GroenLinks, the biggest Dutch opposition said in February that Huawei should be excluded from the tender process because of security fears.
‘It is very simple,’ VVD MP Wybren van Haga told the paper. ‘If a company does not keep to the rules, you don’t play with them. China clearly does not respect the international rules of trade and has no respect for the intellectual property rights of western tech companies.’
The CDA is also opposed to Chinese involvement in the project.
On Thursday, the Financieele Dagblad said Chinese spies have stolen a large number of company secrets from chip machinery maker ASML.
The spies were highly placed R&D workers who were able to get away with source codes, software, price strategies and secret user manuals, the paper said. It bases the claims on its own research and Californian court documents.

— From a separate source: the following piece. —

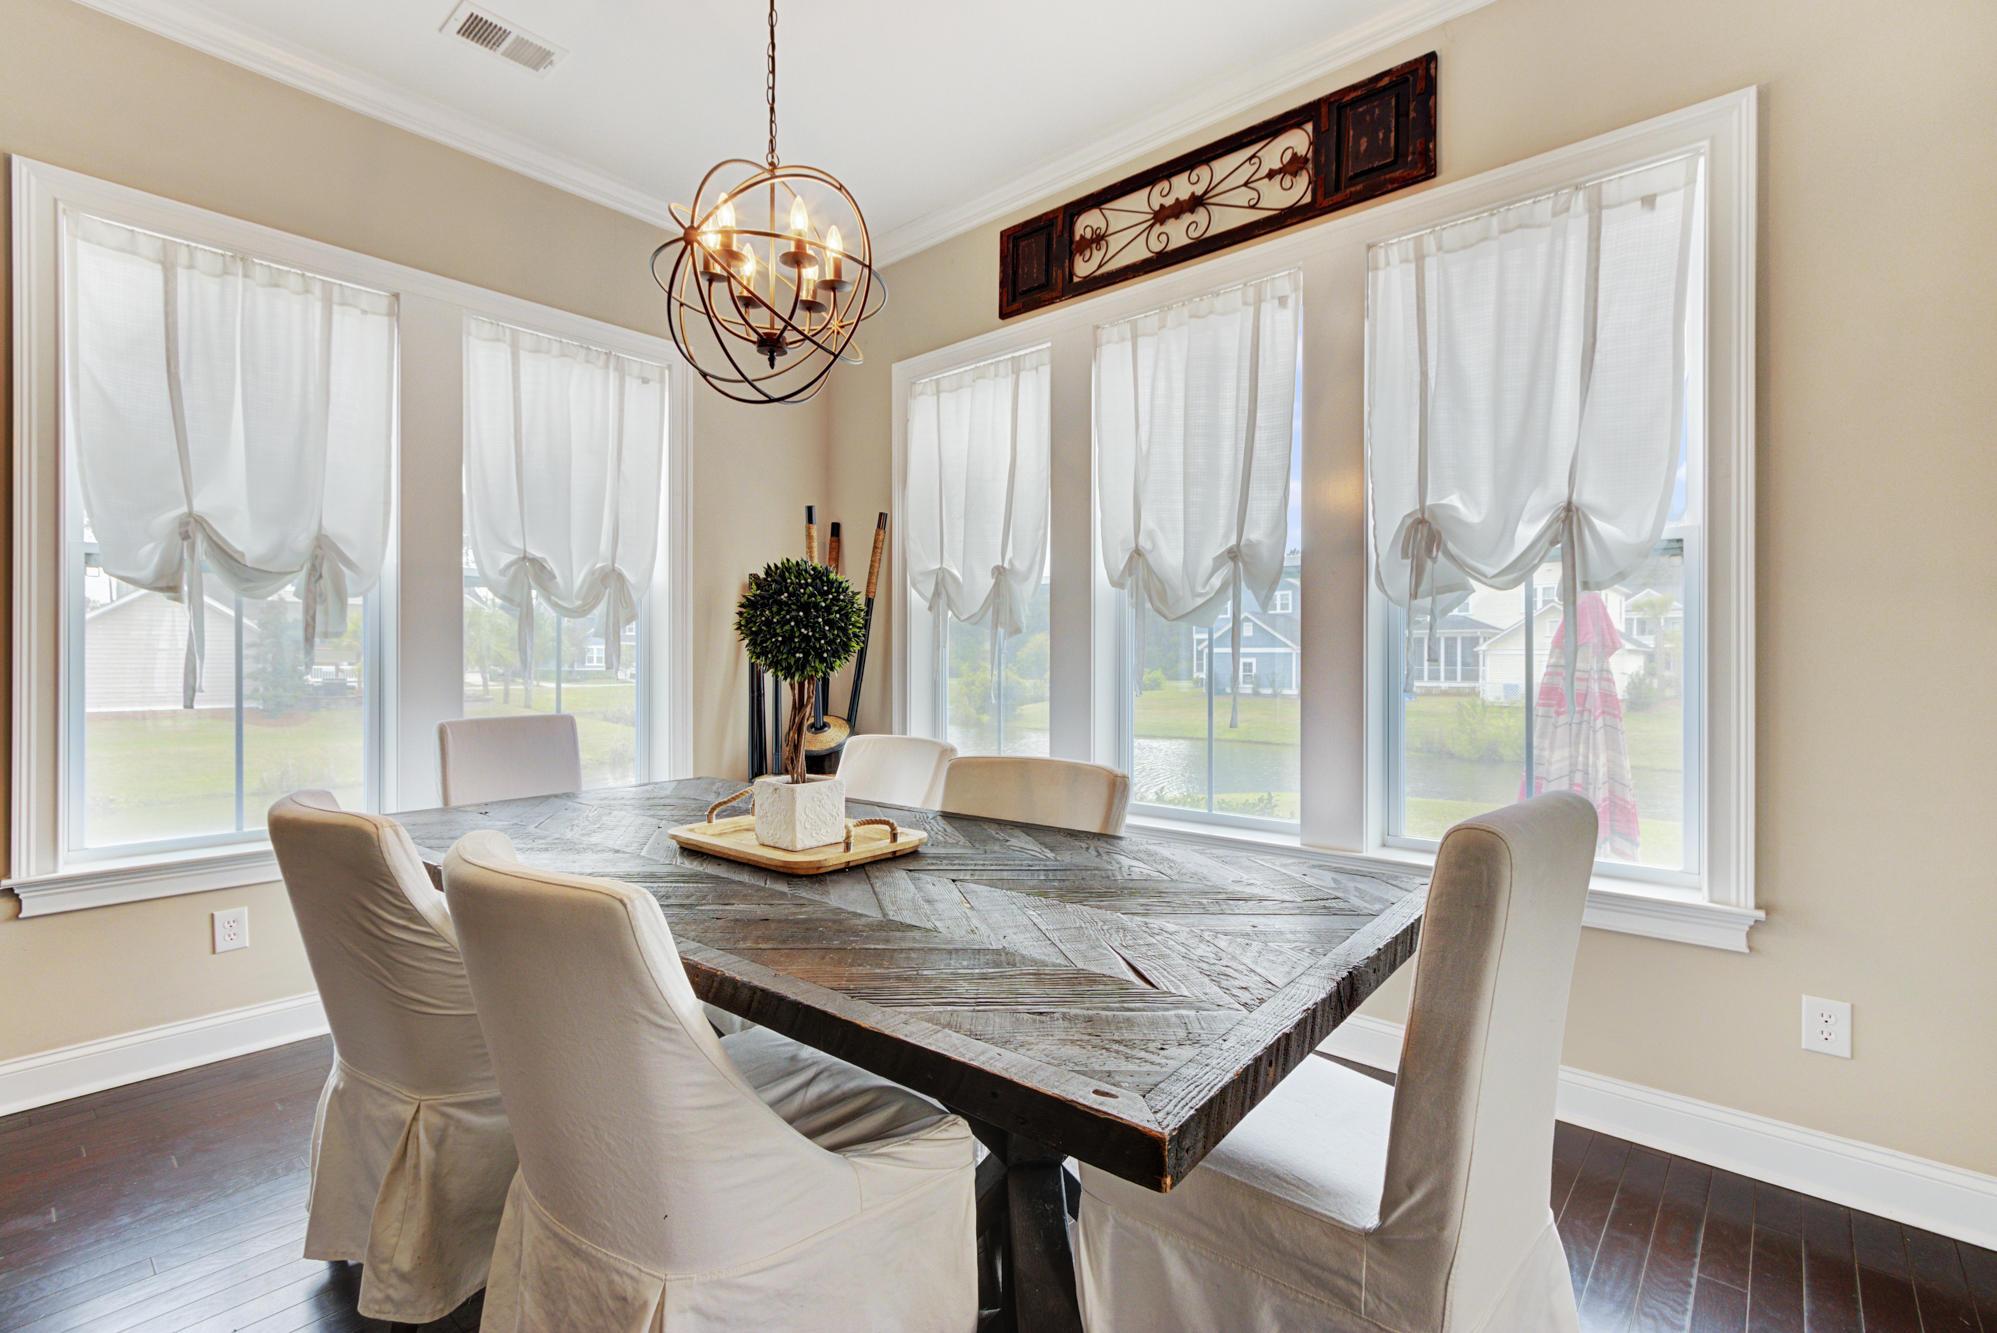 Carolina Park Homes For Sale - 3614 Shutesbury, Mount Pleasant, SC - 25

The scandal comes at a sensitive time for the government, which is currently trying to draw up a formal strategy to deal with Chinese economic interests.
Earlier this month, the AIVD security service warned about the risks of using Chinese equipment for crucial infrastructure and said digital attacks and espionage by countries such as China, Iran and Russia pose a real threat.
In the US Huawei has been accused of espionage on behalf of the Chinese authorities and the US ambassador to the Netherlands, Pete Hoekstra, told Trouw earlier this year that the company should be kept out of the Dutch market. ‘This is very, very important to us,’ Hoekstra is quoted as saying.